El organismo indica que el principal foco de preocupación del personal técnico de este centro es el TAC, “que sufre continuamente averías debido a su antigüedad y uso”. “Este aparato, aparte de ser utilizado en pruebas programadas, es de vital importancia en diagnósticos urgentes y ya han sido numerosas las ocasiones en las que no se ha podido hacer uso de él en situaciones críticas”, señala la FATE.

 Sobre el uso de dicho aparato, la federación recuerda que una de las circunstancias más críticas en las que no se puede prescindir del diagnóstico mediante la imagen TAC es el conocido como código ictus. El ictus o infarto cerebral constituye la primera causa de mortalidad en las mujeres y la segunda en los hombres.

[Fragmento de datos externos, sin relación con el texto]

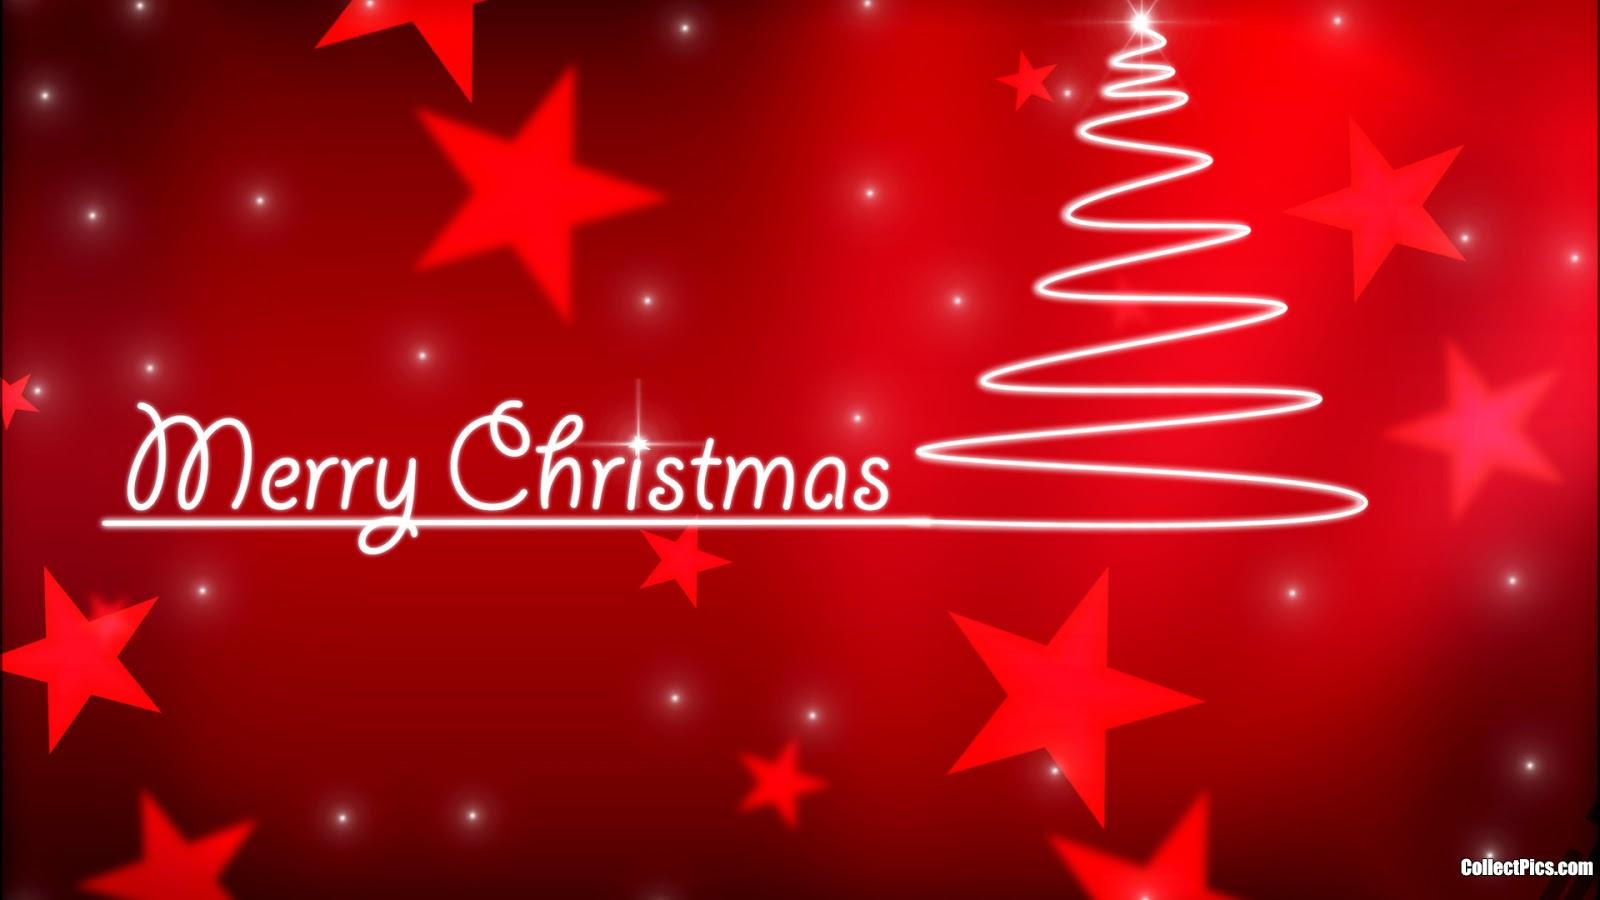 Christmas Tree Holiday Wallpaper 1920x1080 1600x900
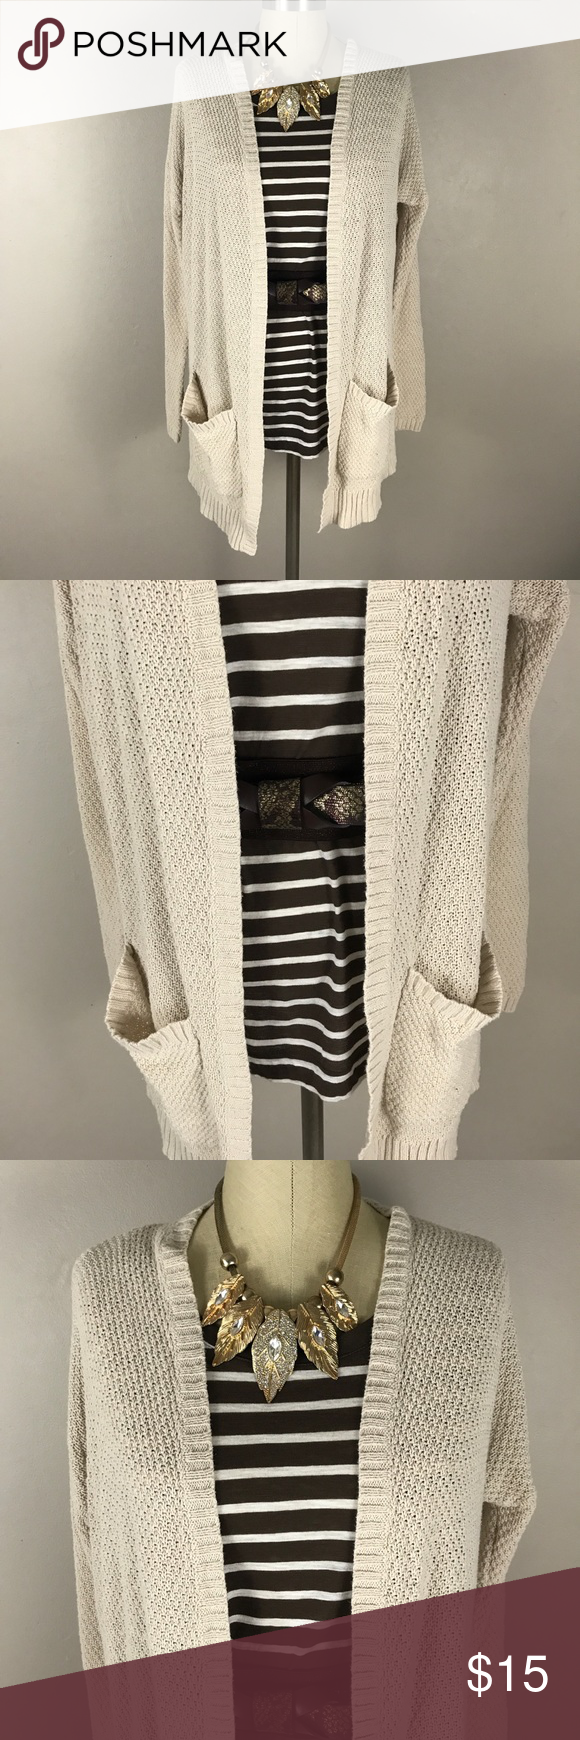 8a81ecc571 UO BDG Cream Open Knit cardigan sweater sz M Urban outfitters BDG Cream  Open Knit cardigan

Además provoca el 10% de la mortalidad total (8% en hombres y 13% en mujeres), resalta la FATE, que añade que esta afección es la primera causa de invalidez permanente en el adulto. Al respecto, y en relación a su denuncia, remarca que “las autoridades sanitarias andaluzas, mediante el documento del Proceso Asistencial Integrado al respecto, marca que ante una sospecha de ictus debe realizarse un TAC al paciente antes de 45 minutos desde su llegada al centro hospitalario”.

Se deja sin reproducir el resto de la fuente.